Я обернулась, сердце упало куда-то в пятки. Это слово. Из старого языка. Не «кумихо», что значит «девятихвостая лиса». «Кицунэ» — дух-лисица. Более древнее, более… личное.
— Что? — сделала я вид, что не расслышала.
— Ты. То, что ты есть. Я слышу это в ритме. В свете, который идёт от тебя, когда ты не следишь. — Он сделал шаг вперёд. Его глаза, наконец, снова обрели глубину. В них не было страха. Было знание. Принятие. — Мне не нужно знать твоё старое имя. Для меня ты — Кицунэ. Та, чья музыка спасла меня из тишины.
Он подошёл вплотную. Поднял руку. Его пальцы дрожали, но не от страха. От чего-то другого. Он коснулся моей щеки, провёл большим пальцем по скуле. Его прикосновение было шершавым от угля и невероятно нежным.
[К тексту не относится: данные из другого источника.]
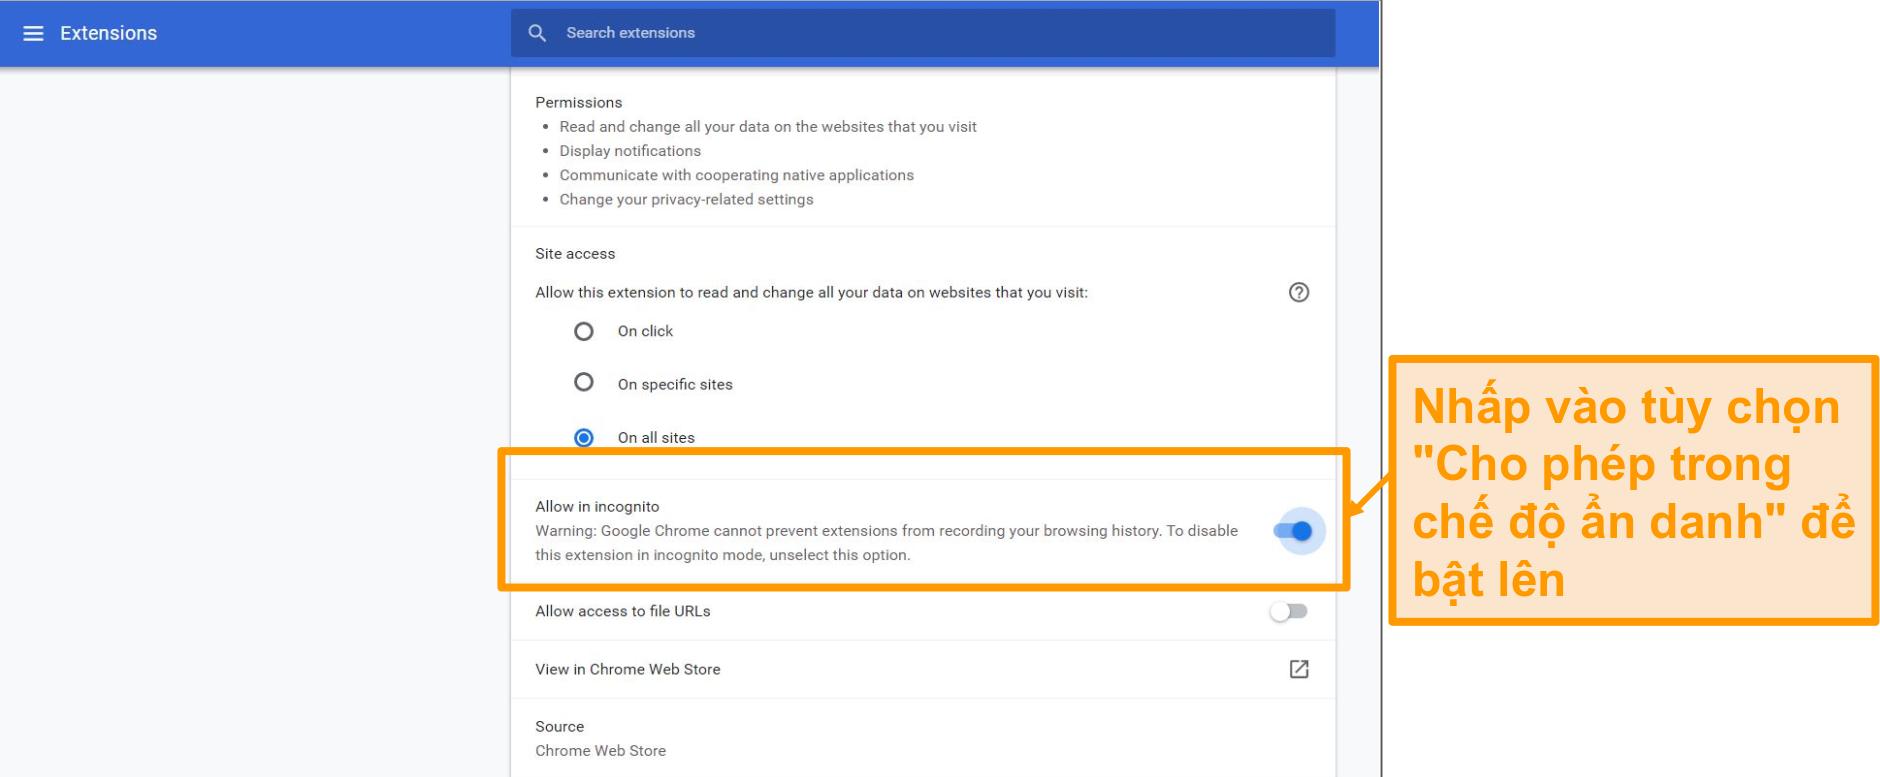 Ảnh chụp màn hình cài đặt tiện ích mở rộng của trình duyệt Google Chrome.

Это был первый раз, когда он прикоснулся ко мне не для того, чтобы попросить о помощи или дать сигнал. А просто потому, что хотел.
В его прикосновении была вся немыслимая сложность последних дней: боль, ярость, беспомощность, тихие открытия и эта новая, хрупкая надежда. Моё дыхание перехватило. Я прикрыла его руку своей, прижала ладонь к своей щеке.
— Мне страшно, — призналась я шёпотом. — Я боюсь, что это… что мы… причиним друг другу ещё больше боли.
— Боль уже была, — ответил он так же тихо, его лоб почти касался моего. — Без тебя там, в той тишине, была только пустота. А пустота — это хуже любой боли. Пустота ничего не чувствует. А я… я хочу чувствовать. Даже если это будет больно.
Он поцеловал меня. Медленно, осторожно, будбо пробуя на вкус. Его губы были сухими, потрескавшимися. В его поцелуе не было страсти. Была жажда. Жажда жизни, чувств, связи. Подтверждения, что он жив. Что мы оба живы.
И когда я ответила на поцелуй, позволив своему дыханию смешаться с его, в моей груди расцвело что-то тёплое и колючее одновременно. Это было счастье, отравленное виной. Любовь, пронзённая страхом. Мы строили мост над пропастью, в которой оба чуть не погибли. И каждый шаг по этому мосту был одновременно чудом и риском.
Мы стояли так, в свете угасающего дня, два сломанных существа, нашедших в обломках друг друга не спасение, а нечто большее — шанс. Шанс зазвучать снова. Пусть не так, как раньше. Пусть тише, осторожней, с вечной оглядкой на ту бездну тишины, что осталась позади.
Но — вместе.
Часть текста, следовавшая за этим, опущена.